After bringing the blood-drenched glory of ancient Rome and the carnivorous treachery of the Elizabethan court to the big screen, the prospect of writing about the lives of a group of well-to-do Sussex villagers in microscopic detail might seem a little... well, dull.

Not so, says the twice Oscar-nominated screenwriter, playwright and novelist behind Shadowlands, Elizabeth: The Golden Age and Gladiator.

William Nicholson’s new novel The Secret Intensity Of Everyday Life does exactly what it says on the tin, prying as it does into the innermost thoughts of a small cast of ordinary people to provide a genuinely moving account of their relationships, their struggles, and their frustrated ambitions.

The 61-year-old has made his name in the notoriously cut-throat world of Hollywood for epic screenwriting that places big characters in big situations, but sitting in the garden room of his Barcombe home, it’s on the subject of a more everyday brand of heroism that he’s at his most animated.

“All the characters in the book have dreams and dramas and must cope with the fact that life doesn’t always deliver what you want, but it still goes on. Maybe you won’t get that next job, or you’re always worried about money, or your marriage isn’t as glorious as it should be – the book is a celebration of the resilience of ordinary lives.”

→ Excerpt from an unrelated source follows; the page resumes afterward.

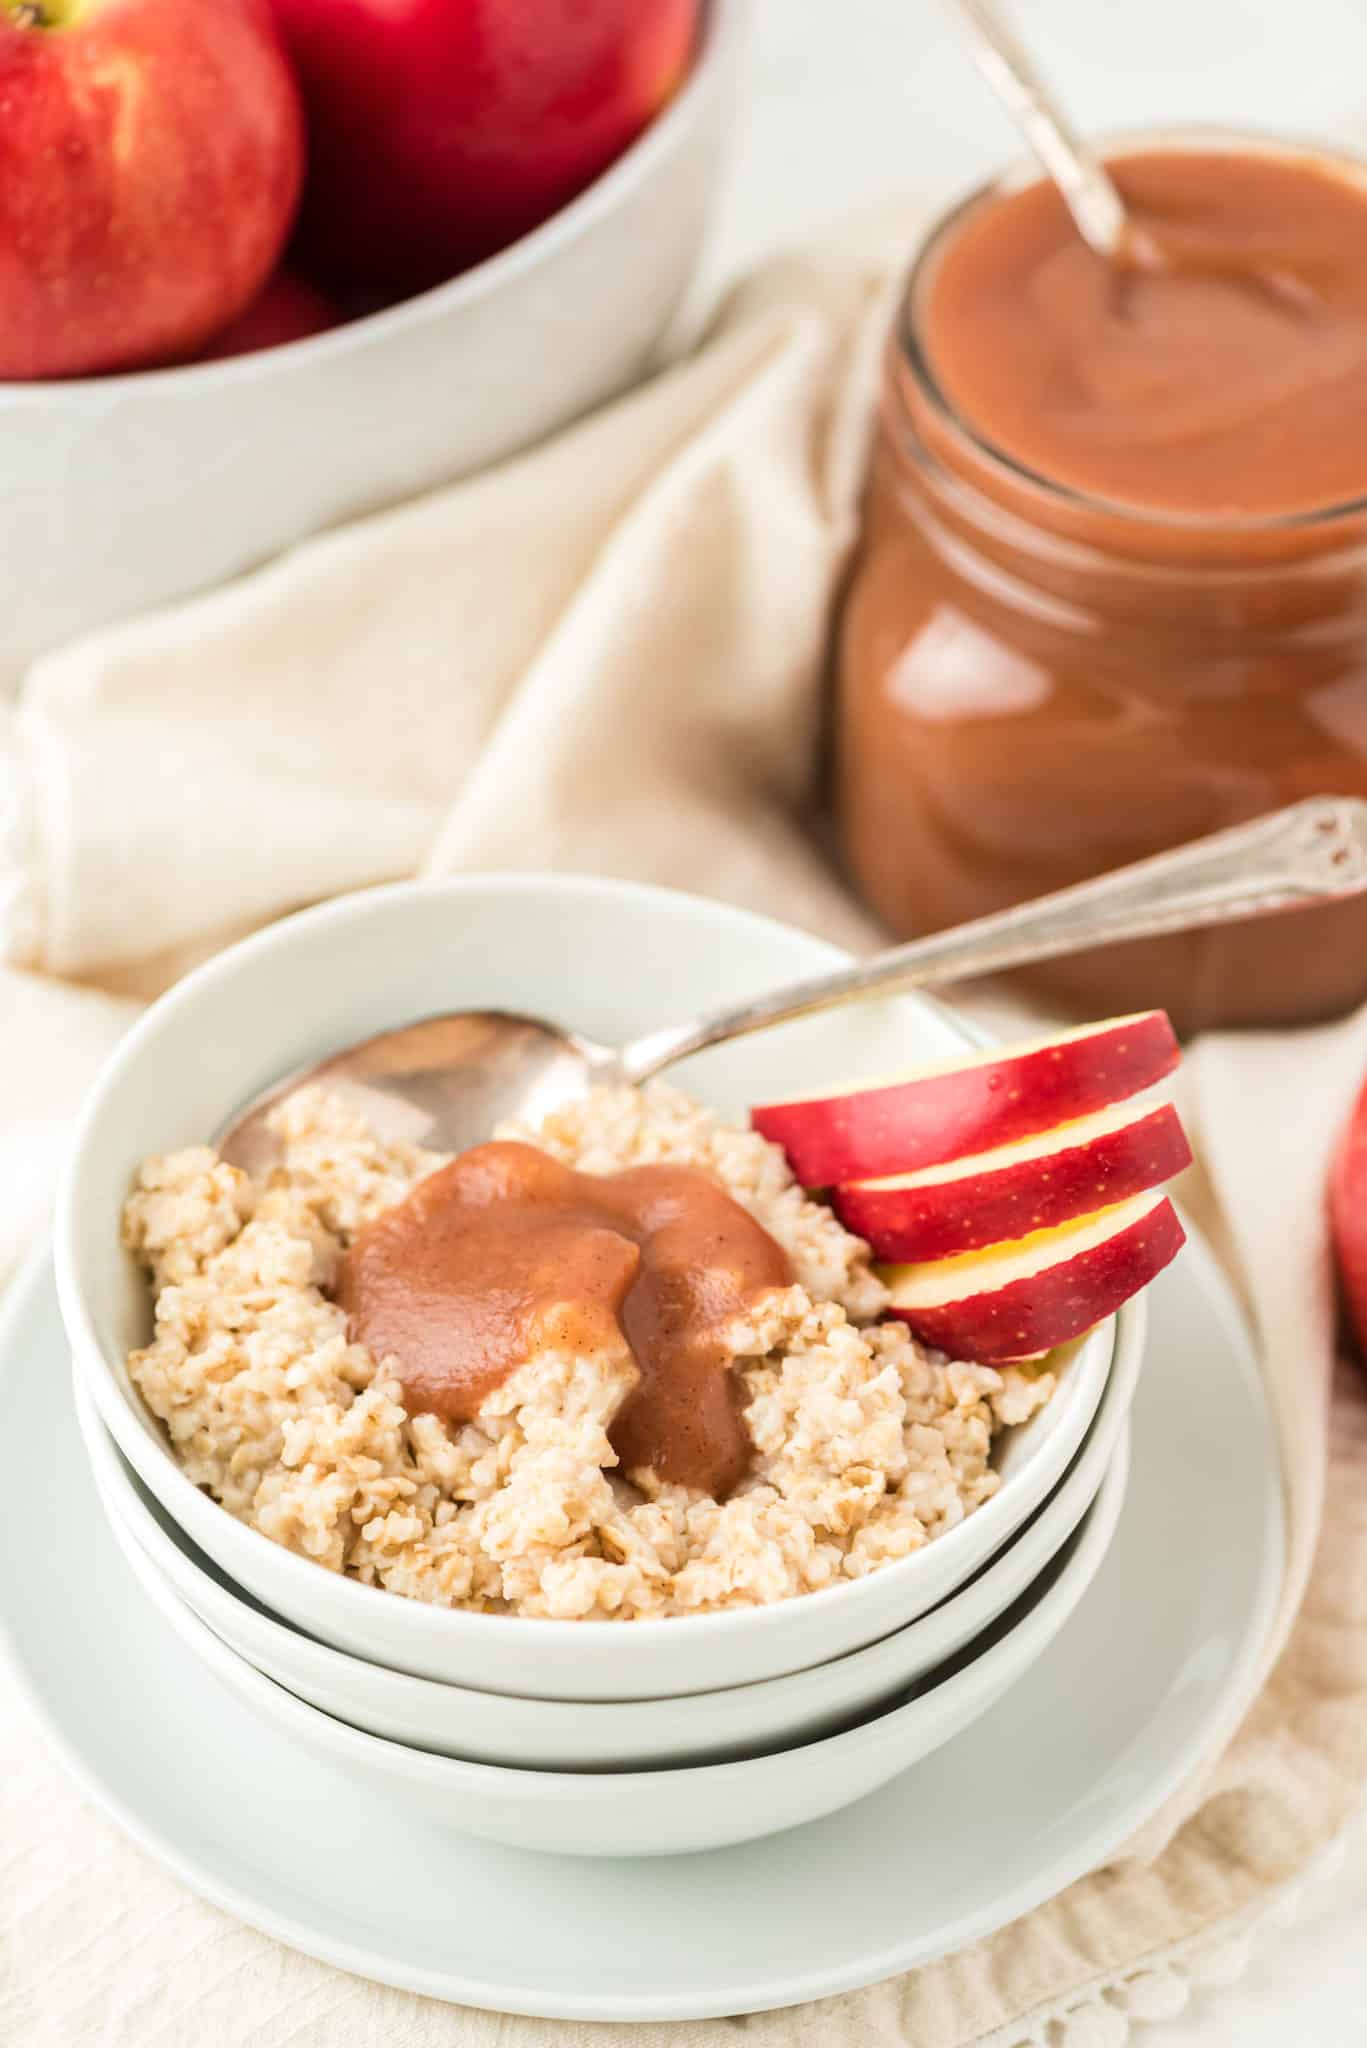 apple butter served on oatmeal.

In the novel, Laura finds her feelings for a university love undimmed 20 years later, TV writer Henry is fuming about his lack of recognition for a new series, and farmer Martin resents the swarm of yummy mummies and over-privileged kids that have descended on the village. It’s this focus on ordinary lives that has already won praise from a clutch of admired writers – Labyrinth author Kate Mosse among them – but a cast of semi-rural 40-somethings and prep-school kids made almost every publisher run a mile.

“I was told by one publisher who liked the book that she didn’t think it was quirky enough, that books today must have something oddball about them.

I was also told they didn’t want to publish a book celebrating people who drive four-by-fours.”

As a writer who spends much of his working life in the bowels of the Hollywood machine, Nicholson is philosophical about the way the publishing industry operates, but remains adamant these private stories are as important as any other.

“I think a lot of people think ‘why should I care about well-off people?’, and that’s a fair comment, but my answer would be to read the book and see if you do care. We have quite a complicated class structure in this country and there’s a lot of resentment towards people with money.

“I wanted to write about the people I know as if they too had a legitimate claim on our attentions. As it happens, an awful lot of readers are like people I know as well.”

Raised in Seaford, Nicholson moved back to Sussex following his marriage to wife Virginia, a fellow writer and great niece of Virginia Woolf.

The new novel was very consciously set in the part of the world Nicholson knows best; his fictional village of Edenfield is based where Beddingham stands in reality. But aside from this leap, the minutest detail of his turn-of-the-noughties setting is correct, down to the parking charges at Lewes Station.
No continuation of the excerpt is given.